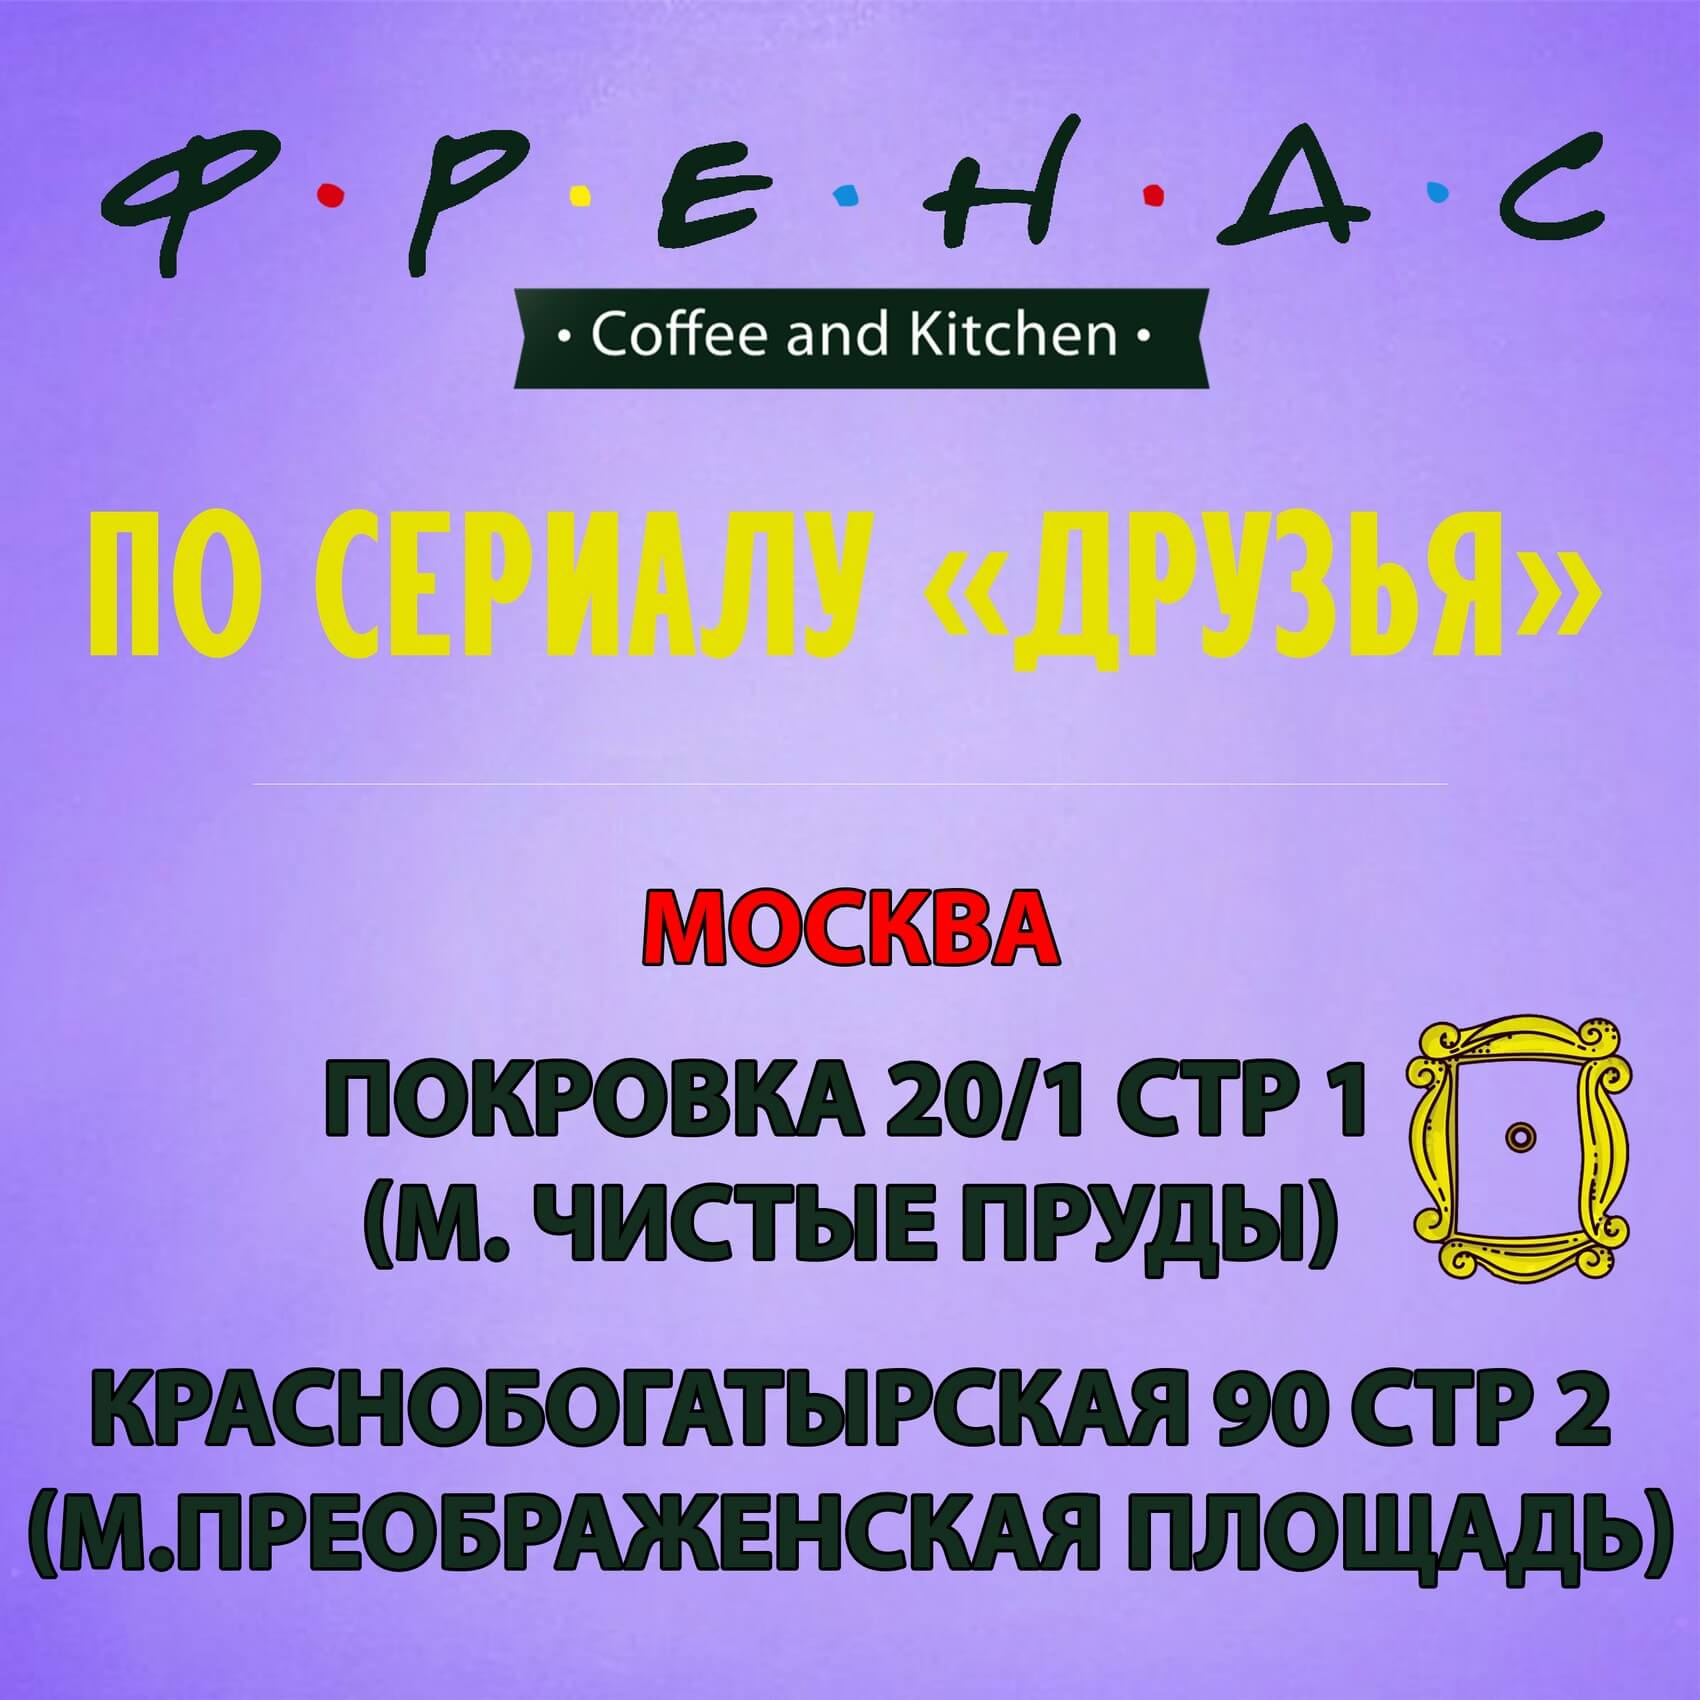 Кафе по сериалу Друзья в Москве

****

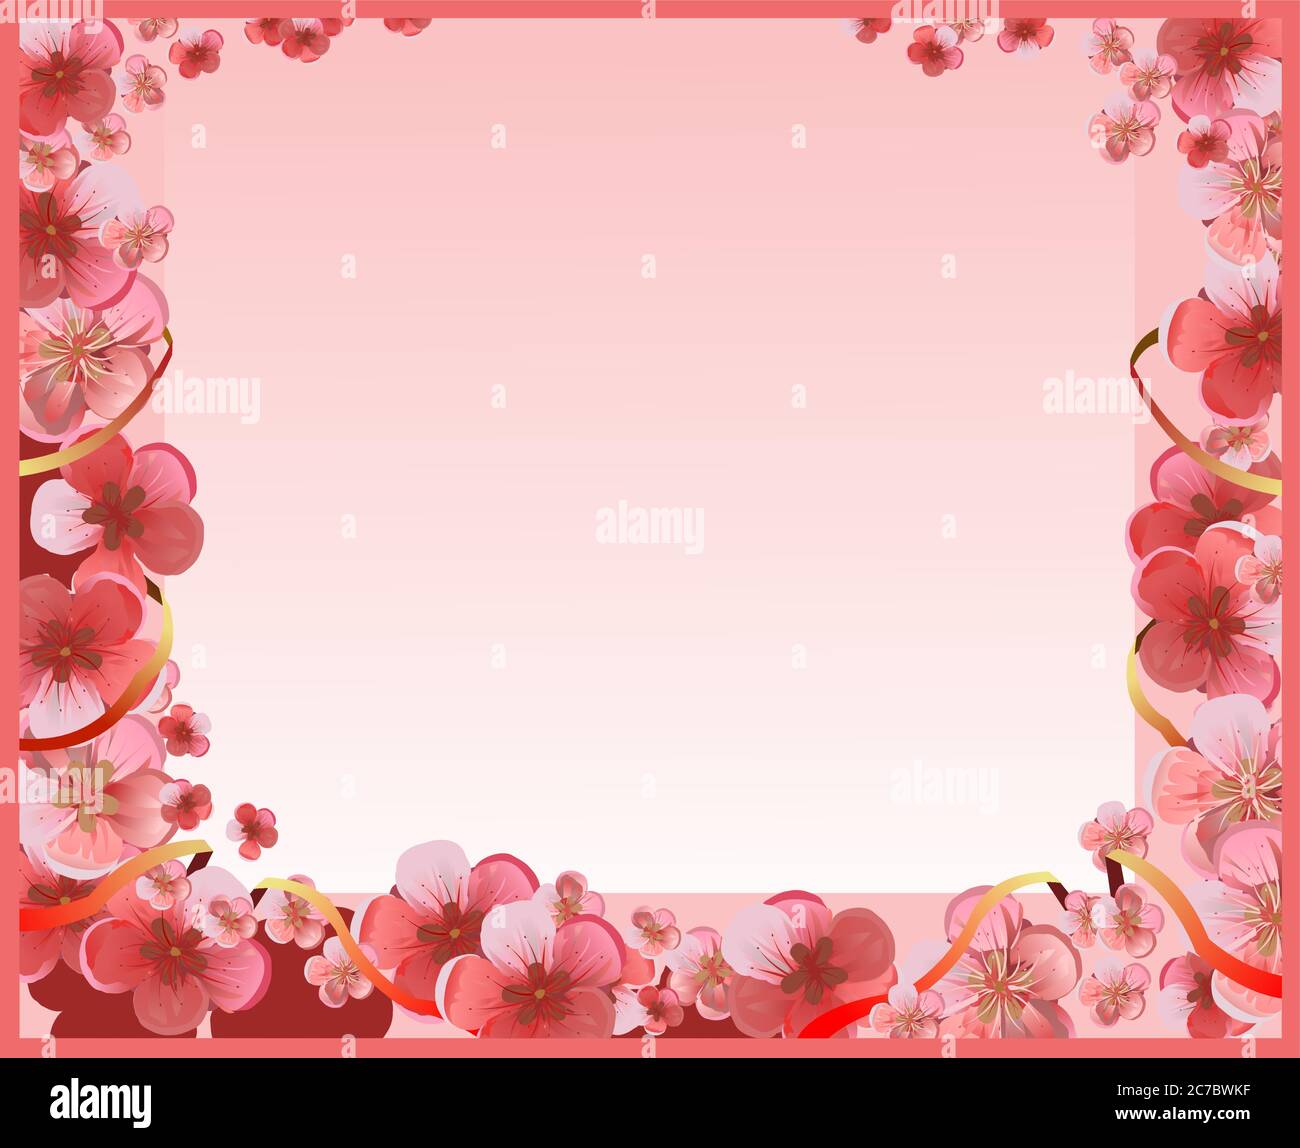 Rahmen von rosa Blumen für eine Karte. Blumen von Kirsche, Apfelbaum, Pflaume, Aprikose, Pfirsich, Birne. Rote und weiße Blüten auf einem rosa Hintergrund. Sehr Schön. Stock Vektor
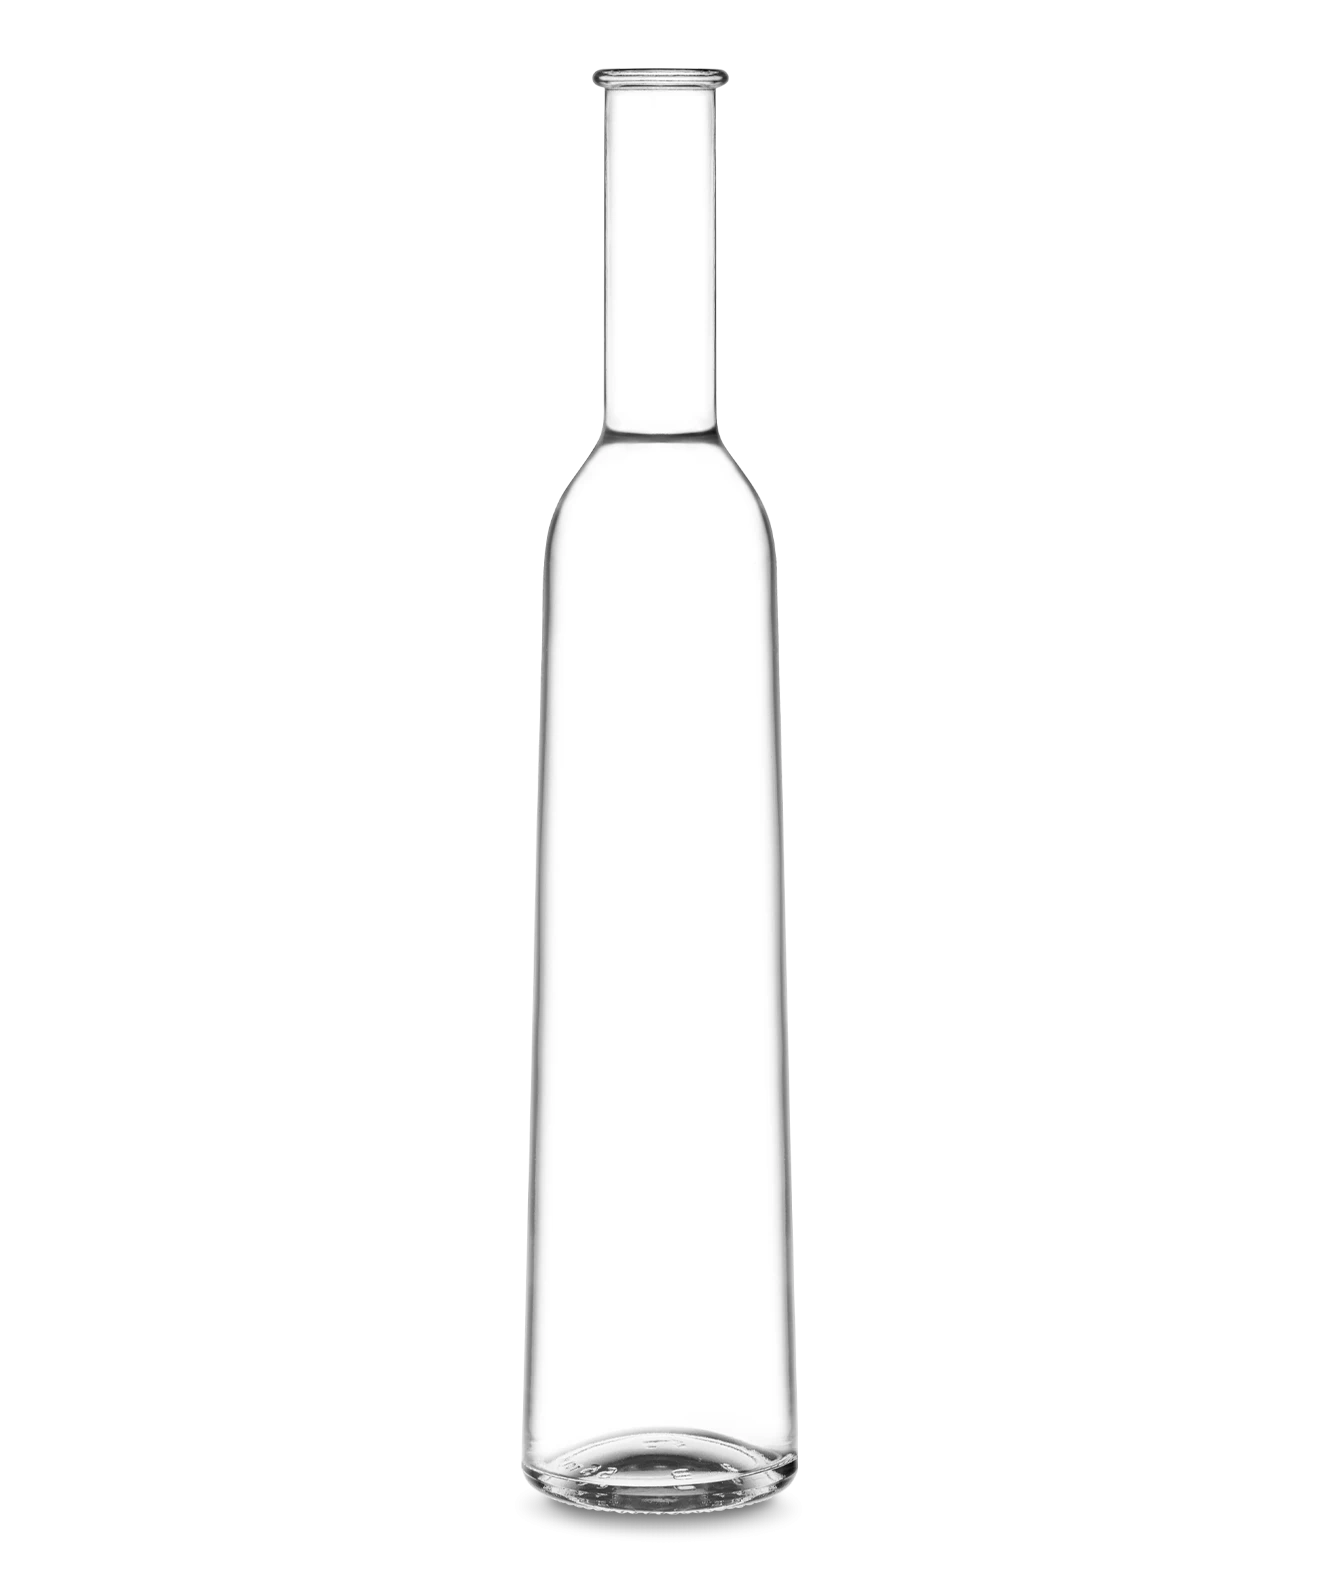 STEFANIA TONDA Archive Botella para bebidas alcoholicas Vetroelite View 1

****

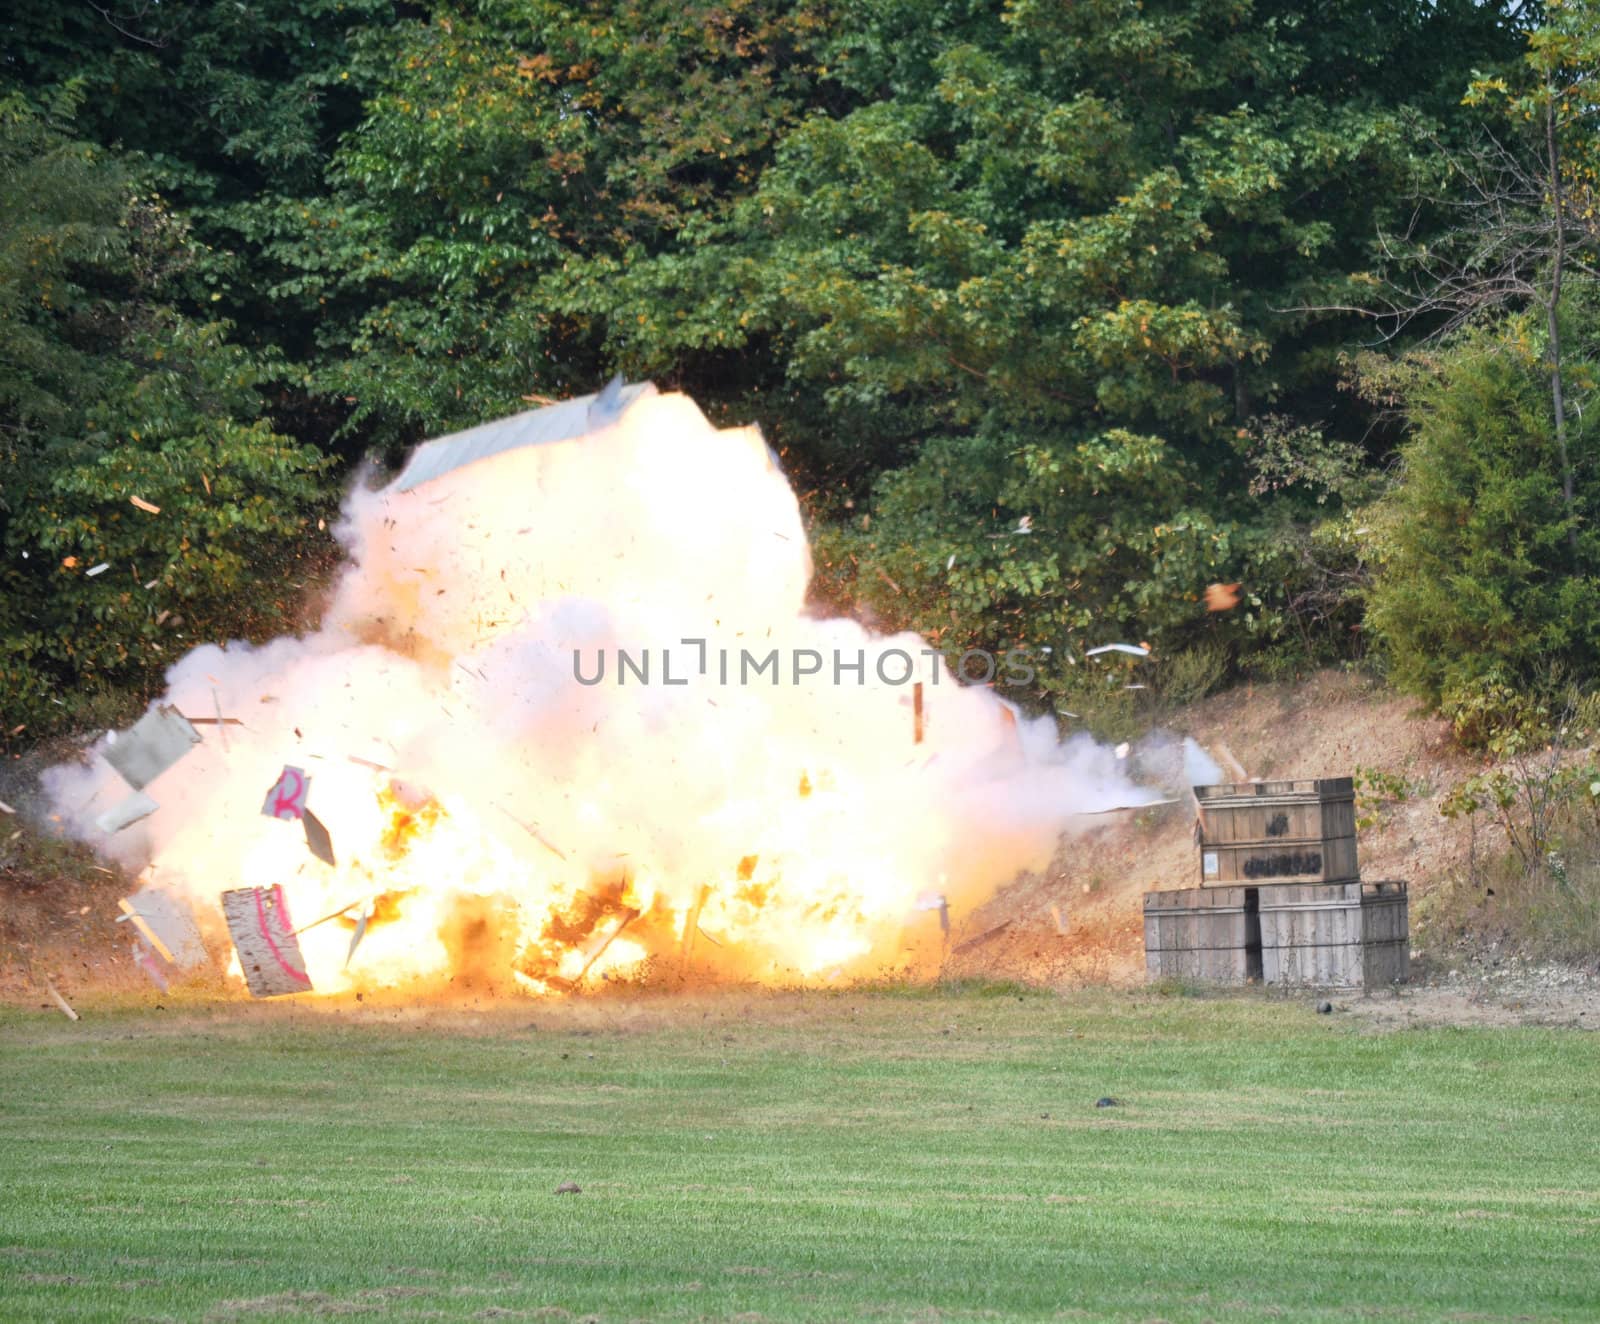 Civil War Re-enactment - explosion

****

* [Task objective]: Using the entries above, reproduce word for word only the lines from the one that contains "Rahmen von rosa" to the one that contains "STEFANIA TONDA Archive", both ends included, and drop every picture.

* [Task solution]:
 Rahmen von rosa Blumen für eine Karte. Blumen von Kirsche, Apfelbaum, Pflaume, Aprikose, Pfirsich, Birne. Rote und weiße Blüten auf einem rosa Hintergrund. Sehr Schön. Stock Vektor
 STEFANIA TONDA Archive Botella para bebidas alcoholicas Vetroelite View 1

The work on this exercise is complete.